Mariani che con la sua chioma leonina e il suo aspetto simpatico rifugge abbondantemente dal cliché che vorrebbe gli uomini di destra pelati e sempre accigliati, è uno di quei tipi mossi da una forte passione ideologica e al quale sembra non gli piaccia farsi passare la mosca per il naso. Candidatosi con una lista civica alle elezioni comunali di Cisterna di Latina nel 1999, per protestare contro la mancata istituzione di idonei spazi elettorali per il suo partito, attaccò i suoi manifesti praticamente dovunque, collezionando 111 verbali di contravvenzione per un totale di 264 milioni di lire di multa. Anche quella, come i manifesti, non era una goliardata. Il candidato sindaco intendeva protestare contro gli altri candidati i quali anche loro avevano attacchinato dappertutto, s enza però ricevere alcun verbale e nessuna sanzione.
Fattosi promotore per i comitato civico “Pro Littoria”, Mariani ha tentato di riportare la cittadina capoluogo al suo vecchio nome.
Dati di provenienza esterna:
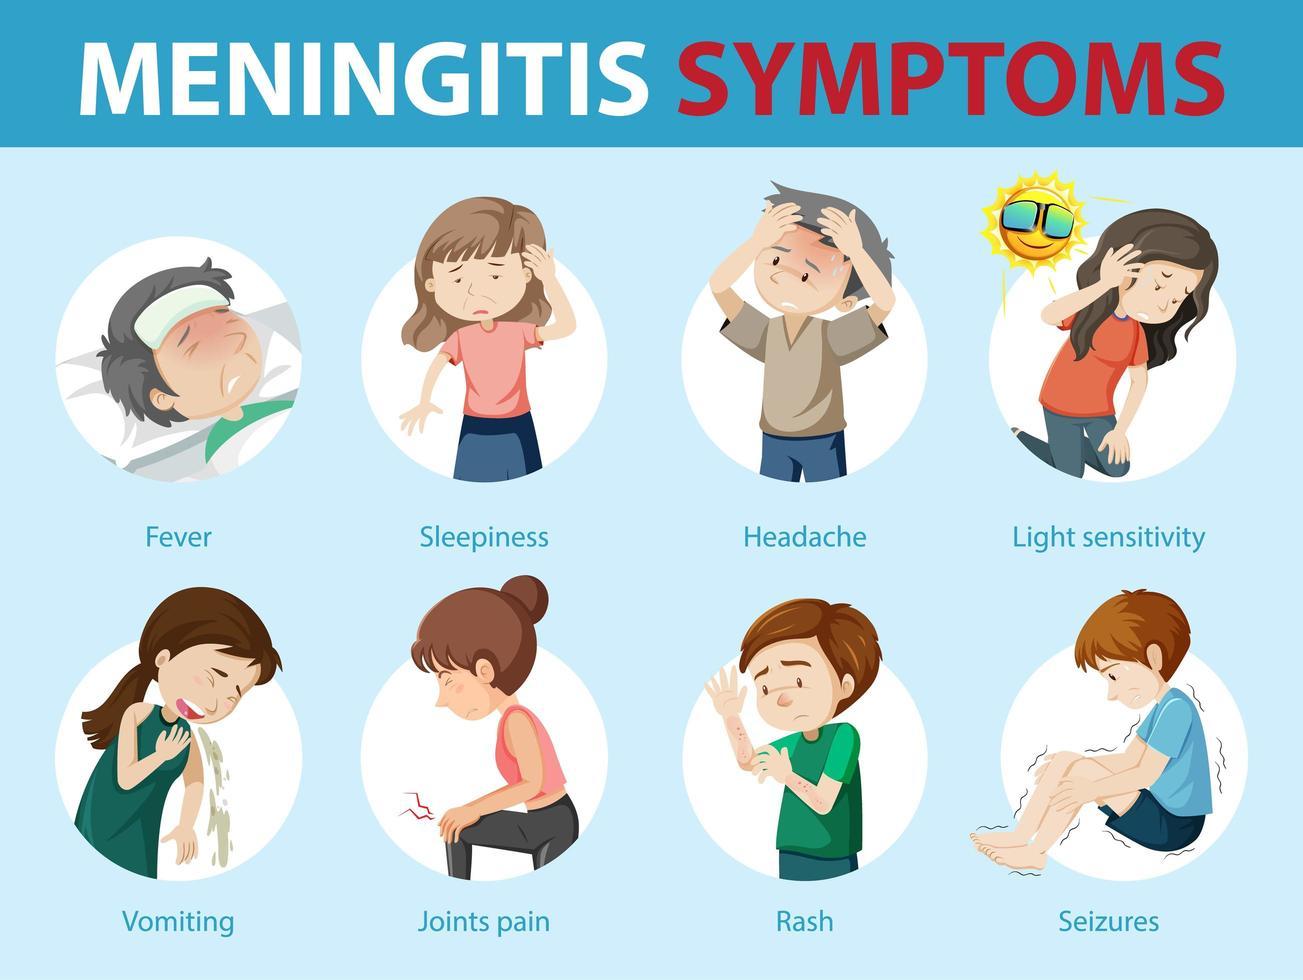 Meningitis Symptome Cartoon-Stil Infografik vektor

A questa sono seguite una serie di iniziative, di cui l’ultima, forse la più eclatante, lo ha visto depositare, il 25 aprile 2005, una corona al monumento dei caduti di Cisterna di Latina per ricordare i morti della R.S.I. e contestare la festa della Liberazione e la “retorica delle Resistenza”.
La deposizione della corona è avvenuta un attimo prima che il sindaco e le autorità cittadine depositassero la propria corona in memoria della “Liberazione”. Praticamente, Mariani ha atteso che il corteo pubblico si avvicinasse e solo all’ultimo momento ha tirato fuori la sua corona creando un vivo imbarazzo tra i presenti.
E’ da fare a questo punto una precisazione: chi credesse che il fondatore di Rifondazione Fascista sia, peggio di un goliarda, solo uno di quei divertenti nostalgici che di tanto in tanto si incontrano, si sbaglierebbe di grosso. Quinto Mariani non è solo l’uomo delle forti provocazioni, ma è anche stato capace di portare avanti grandi battaglie. Da presidente dell'Associazione Nazionale Protestati, è riuscito ad ottenere il cambiamento della penalizzante normativa che regolava i protestati. Nel 1995 avviò la sua lotta con uno sciopero della fame a “Littoria” e a Montecitorio, riuscendo a farsi ricevere dall'allora Presidente del Consiglio Lamberto Dini. Da tale incontro, ne nacque la semenza che avrebbe portato legge alla 108, una norma che avr ebbe poi salvato dall'incubo dell’usura diversi cittadini.
Adesso è la volta di Rifondazione Fascista, partito la cui nascita è stata già comunicata al Ministero dell’interno.
La prima sortita elettorale vedrà la neonata formazione politica impegnata alle elezioni amministrative di Latina dove la lista di R.F. sarà supportata da una seconda lista composta di sole donne.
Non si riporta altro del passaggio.